Mostra que introduziu Duchamp nos EUA e deslocou eixo das artes completa cem anos
Em 1913 a Exibição Internacional de Arte Moderna eletrizou Manhattan e entrou para a história como Armory Show, por ter acontecido num depósito militar da rua 26 com a avenida Lexington.
Numa Nova York ainda provinciana, onde mulheres marchavam pelo direito ao voto, a vanguarda europeia causou certa indigestão intelectual.
Quando a mostra foi a Chicago, estudantes de arte quiseram queimar uma efígie de Matisse e atearam fogo em réplicas de suas obras.
Muitos tacharam de primitivo o artista, que teria errado ao pintar dedos a mais ou a menos nos pés da modelo que se exibia nua na tela.
Mudança de eixo
Duchamp, que quatro anos depois causaria novo escândalo com seu urinol em Nova York, fazia ali sua estreia na cidade que se tornou, com o Armory Show, o centro cultural do mundo, desbancando Paris, então farol das artes.
Urinol - Marcel Duchamp
"Isso tudo aconteceu no mesmo lugar, debaixo do mesmo teto", conta a historiadora americana Laurette McCarthy. "Embora a classe artística já conhecesse parte dessa produção, milhares de nova-iorquinos foram à exposição como a um evento social, curiosos pelo teor das críticas nos jornais."
Gail Stavitsky, outra historiadora que organiza com McCarthy uma mostra em homenagem ao centenário do Armory Show, sustenta, aliás, que a crítica de arte nos Estados Unidos surgiu com as reações acaloradas à mostra.
"Esse foi o nascimento da crítica de arte americana", diz Stavitsky. "Houve uma explosão do pensamento crítico, os jornais passaram a publicar resenhas de exposições quase todos os dias.
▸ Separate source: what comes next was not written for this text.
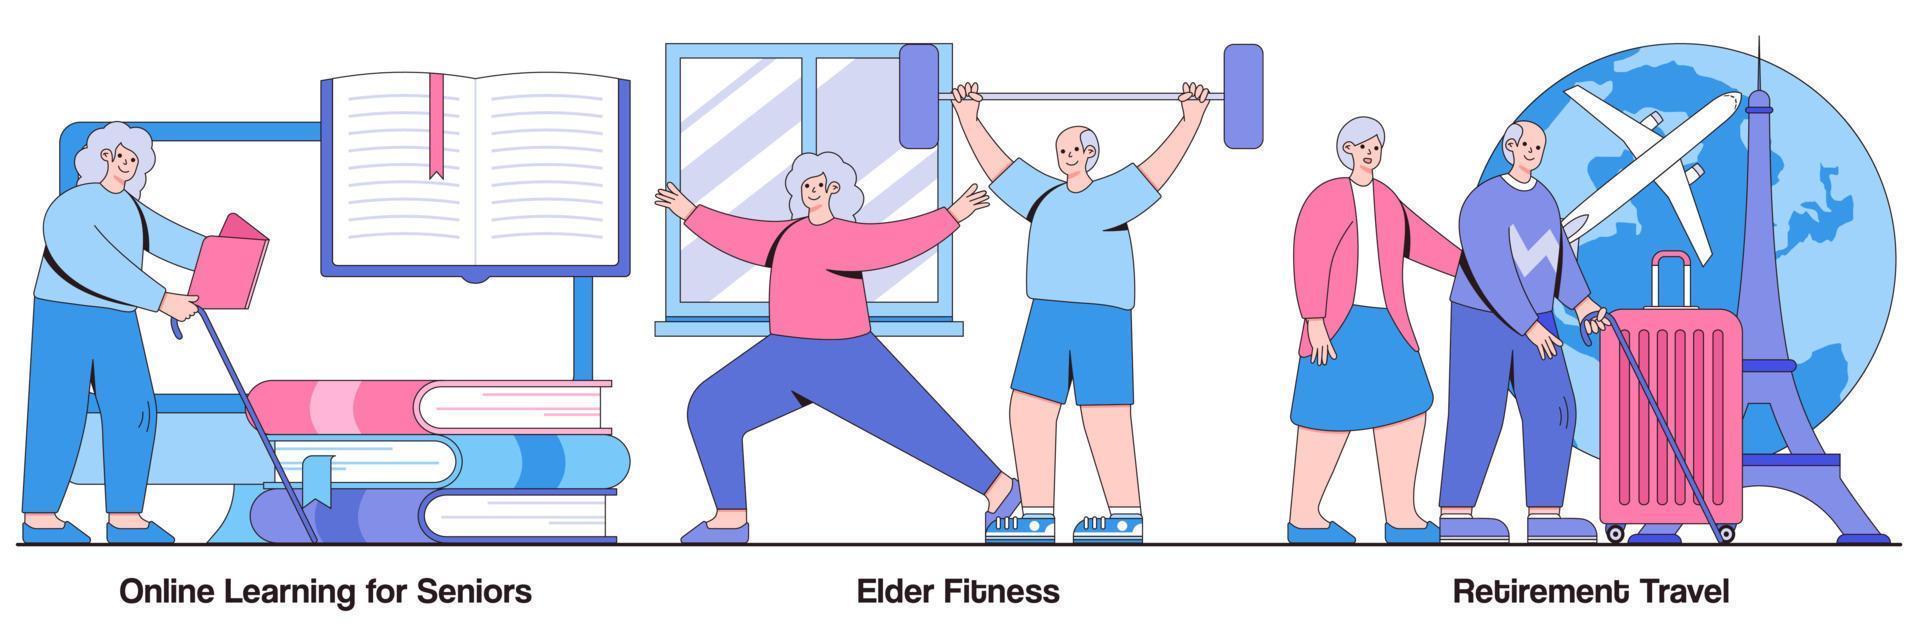 Online Learning for Seniors, Elder Fitness, Retirement Travel with People Characters Illustrations Pack vector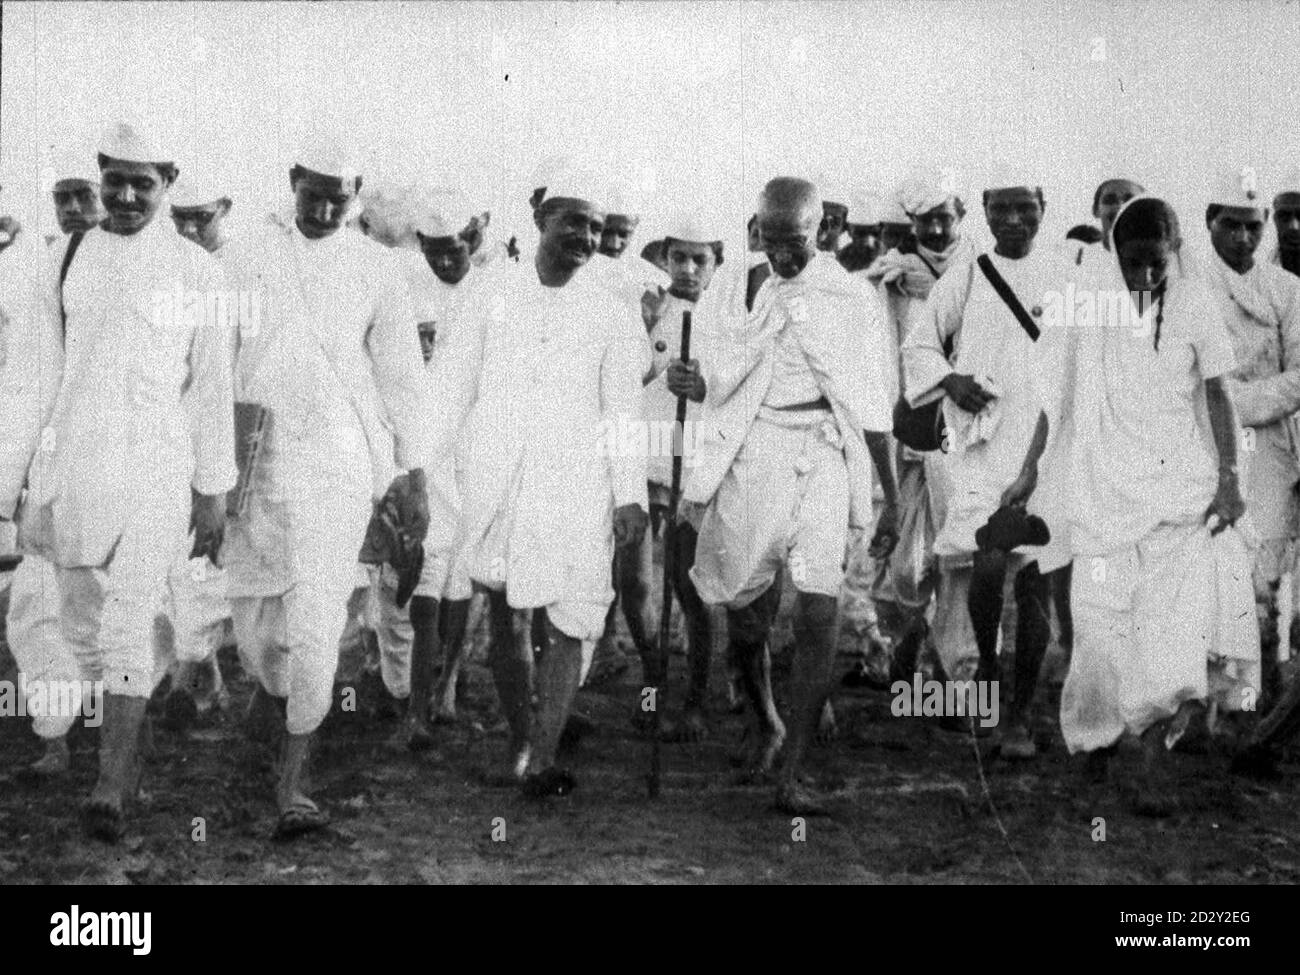 Library filer dated 06.04.30. Civil Disobedience in India. Mr. Gandhi (with staff in hand) and his volunteeers marching to the sea face at Dandi on the morning of April 6th, when they broke the Salt laws. 25.04.30. Mahatma Gandhi became widely known as the man credited with securing India's independence. He had led a campaign of non-violent resistance to British rule for decades. But, on the day the sun finally set on the British Raj in India at the stroke of midnight on August 14 1947, and Gandhi's goal was realised, he could not rejoicing for long. Jubilant scenes across the country qui Stock Photo

Isso ajuda a derrubar o mito de que a América era um deserto intelectual até a o surgimento do expressionismo abstrato."
Nesse ponto, o movimento artístico que pôs Nova York no mapa algumas décadas mais tarde, com os arroubos agressivos de Jackson Pollock, também teve seu embrião no choque causado pela avalanche das vanguardas europeias do Armory Show.
"Até então, as cores na arte americana eram quase mortas", analisa Marilyn Kushner, da Sociedade Histórica de Nova York. "Aquele azul do Matisse e as cores vibrantes dos fovistas foram um assalto aos sentidos."
Kushner lembra também que, além das cores, as proporções distorcidas das figuras nas telas e a economia formal das obras de Brancusi causaram grande espanto.
Colecionismo
No afã por entrar na moda, a aristocracia americana arrematou grande parte das peças. Único dos grandes museus da cidade que já existia em 1913, o Metropolitan comprou o seu primeiro Cézanne.
Edward Hopper, então longe da fama que conquistaria mais tarde, vendeu sua primeira pintura, Sailing, em que retratou um veleiro.
"Grandes coleções de arte começaram com o Armory Show", conta Stavitsky. Tanto que uma feira de arte que ocorre até hoje na metrópole americana leva o nome da mostra. "Foi o ponto de partida para o levante das galeriasde arte."